To do: Exactly as they appear, copy the lines of the listing from the one containing "Las Mejores Frases" through the final line, both included, and nothing else.

[Start of Attachment]

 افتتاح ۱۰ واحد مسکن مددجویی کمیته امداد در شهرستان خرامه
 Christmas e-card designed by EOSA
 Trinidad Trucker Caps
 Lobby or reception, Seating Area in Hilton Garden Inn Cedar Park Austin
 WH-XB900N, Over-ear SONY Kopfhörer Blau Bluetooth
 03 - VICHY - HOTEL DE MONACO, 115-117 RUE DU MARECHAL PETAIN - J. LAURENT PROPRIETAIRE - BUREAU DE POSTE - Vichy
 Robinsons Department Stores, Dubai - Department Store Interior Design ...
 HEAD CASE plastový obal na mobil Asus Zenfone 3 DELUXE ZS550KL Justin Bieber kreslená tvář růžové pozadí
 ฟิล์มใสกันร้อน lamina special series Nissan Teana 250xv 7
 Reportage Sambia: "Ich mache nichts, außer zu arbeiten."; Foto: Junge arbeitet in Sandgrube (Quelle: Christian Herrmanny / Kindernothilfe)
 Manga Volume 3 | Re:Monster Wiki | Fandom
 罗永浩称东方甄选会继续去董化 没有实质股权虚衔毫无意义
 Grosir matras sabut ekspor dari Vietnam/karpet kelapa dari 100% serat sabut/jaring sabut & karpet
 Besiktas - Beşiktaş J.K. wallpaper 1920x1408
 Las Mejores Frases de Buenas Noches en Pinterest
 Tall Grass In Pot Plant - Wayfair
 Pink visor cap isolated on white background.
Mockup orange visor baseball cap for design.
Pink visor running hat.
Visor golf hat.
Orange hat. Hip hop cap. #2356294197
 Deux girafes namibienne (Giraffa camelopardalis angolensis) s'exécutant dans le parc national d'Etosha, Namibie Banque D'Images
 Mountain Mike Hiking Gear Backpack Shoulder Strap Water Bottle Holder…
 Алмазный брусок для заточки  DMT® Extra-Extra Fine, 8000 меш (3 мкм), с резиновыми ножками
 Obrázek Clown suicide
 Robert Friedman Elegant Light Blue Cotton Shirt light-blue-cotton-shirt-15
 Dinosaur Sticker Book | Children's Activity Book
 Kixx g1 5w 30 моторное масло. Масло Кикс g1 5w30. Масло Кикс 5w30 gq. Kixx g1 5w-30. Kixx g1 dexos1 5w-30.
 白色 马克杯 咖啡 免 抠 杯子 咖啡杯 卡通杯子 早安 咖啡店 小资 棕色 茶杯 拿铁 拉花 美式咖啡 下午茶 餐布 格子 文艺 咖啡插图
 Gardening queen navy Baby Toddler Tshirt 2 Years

[End of Attachment]

Expected output:
 Las Mejores Frases de Buenas Noches en Pinterest
 Tall Grass In Pot Plant - Wayfair
 Pink visor cap isolated on white background.
Mockup orange visor baseball cap for design.
Pink visor running hat.
Visor golf hat.
Orange hat. Hip hop cap. #2356294197
 Deux girafes namibienne (Giraffa camelopardalis angolensis) s'exécutant dans le parc national d'Etosha, Namibie Banque D'Images
 Mountain Mike Hiking Gear Backpack Shoulder Strap Water Bottle Holder…
 Алмазный брусок для заточки  DMT® Extra-Extra Fine, 8000 меш (3 мкм), с резиновыми ножками
 Obrázek Clown suicide
 Robert Friedman Elegant Light Blue Cotton Shirt light-blue-cotton-shirt-15
 Dinosaur Sticker Book | Children's Activity Book
 Kixx g1 5w 30 моторное масло. Масло Кикс g1 5w30. Масло Кикс 5w30 gq. Kixx g1 5w-30. Kixx g1 dexos1 5w-30.
 白色 马克杯 咖啡 免 抠 杯子 咖啡杯 卡通杯子 早安 咖啡店 小资 棕色 茶杯 拿铁 拉花 美式咖啡 下午茶 餐布 格子 文艺 咖啡插图
 Gardening queen navy Baby Toddler Tshirt 2 Years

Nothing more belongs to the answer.